Context : Later in the quarter we will talk about ethics and data science. This question is supposed to be a warm-up to get you thinking about our responsibilities having this power to process data. We are not trying to train to misuse your powers for evil here! Most misuses of data analysis that result in ethical concerns happen unintentionally. As preparation to understand these unintentional consequences, we thought it would be a good exercise to think about a theoretical world where you would willingly try to misuse data.

Congrats! You just got an internship at Evil Corp! Your first task is to come up with an application or analysis that uses this dataset to do something unethical or nefarious. Describe a way that this dataset could be misused in some application or an analysis (potentially using the bias you identified for the last question). Regardless of what nefarious act you choose, evil still has rules: You need to justify why using the data in this is a misuse and why a regular person who is not evil (like you in the real world outside of this problem) would think using the data in this way would be wrong. There are no right answers here of what defines something as unethical, this is why you need to justify your answer! Your response should be 2 to 4 sentences long.
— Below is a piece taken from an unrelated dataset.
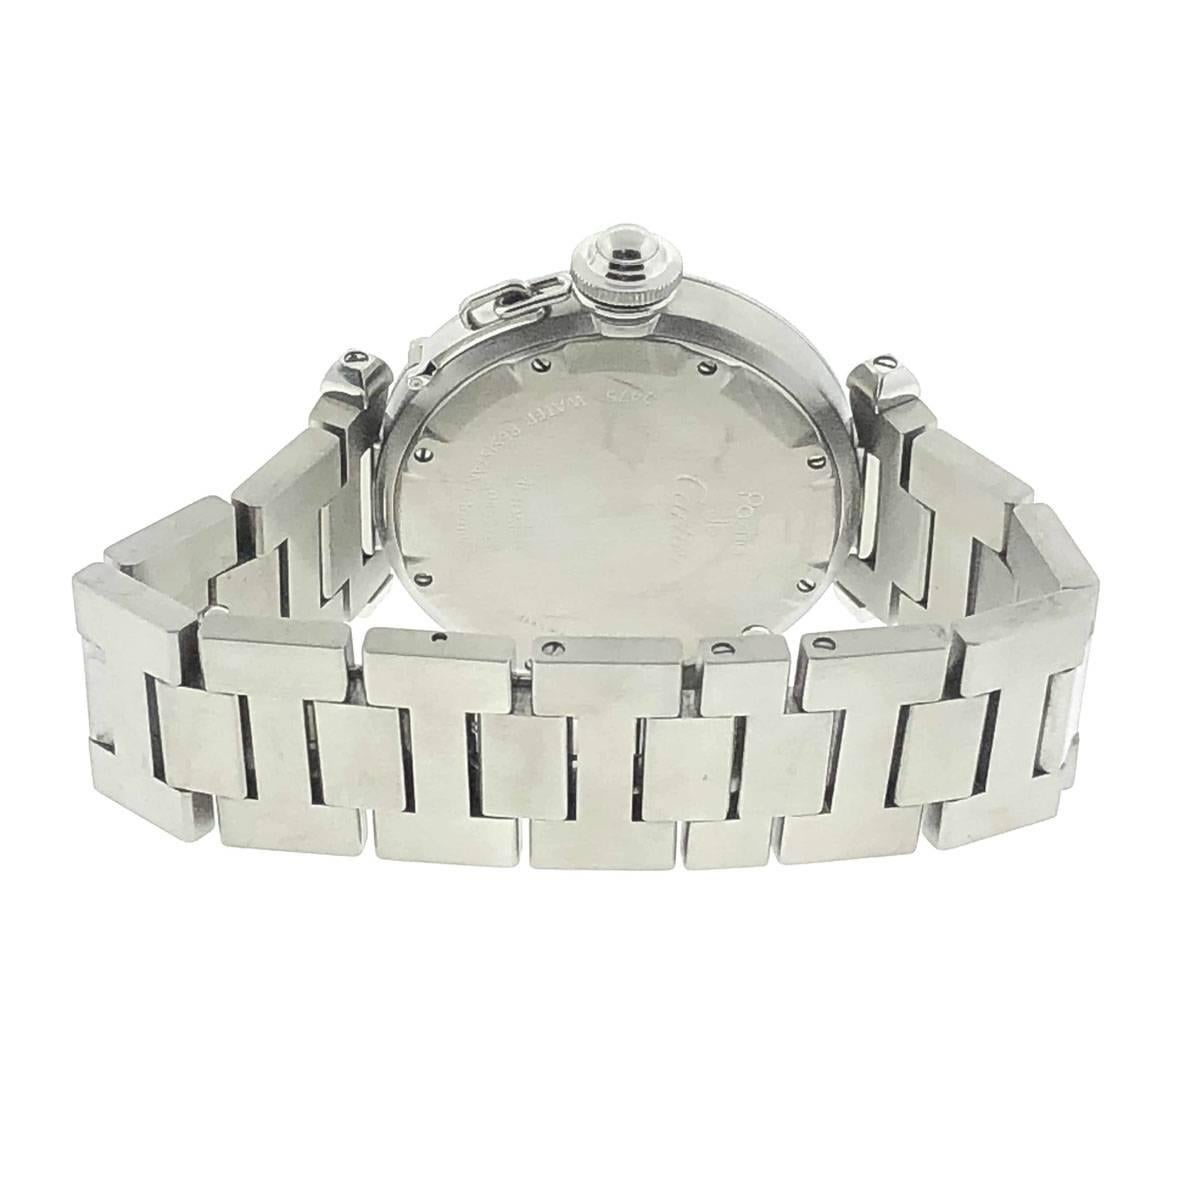 Women's or Men's Cartier Pasha 2475 Date Stainless Steel Automatic Watch

Turn your answers to these question in by writing them in hw3-written.txt and submitting them on Ed

Your submission will be evaluated on the following dimensions:

  • Your solution correctly implements the described behaviors. You will have access to some tests when you turn in your assignment, but we will withhold other tests to test your solution when grading. All behavior we test is completely described by the problem specification or shown in an example.
  • No method should modify its input parameters.
  • Your main method in hw3.py must call every one of the methods you implemented in this assignment. There are no requirements on the format of the output, besides that it should save the files for Part 1 with the proper names specified in Part 1.
  • We can run your hw3.py without it crashing or causing any errors or warnings.
  • When we run your code, it should produce no errors or warnings.
  • All files submitted pass flake8
  • All program files should be written with good programming style. This means your code should satisfy the requirements within the CSE 163 Code Quality Guide .
  • Any expectations on this page or the sub-pages for the assignment are met as well as all requirements for each of the problems are met.

Make sure you carefully read the bullets above as they may or may not change from assignment to assignment!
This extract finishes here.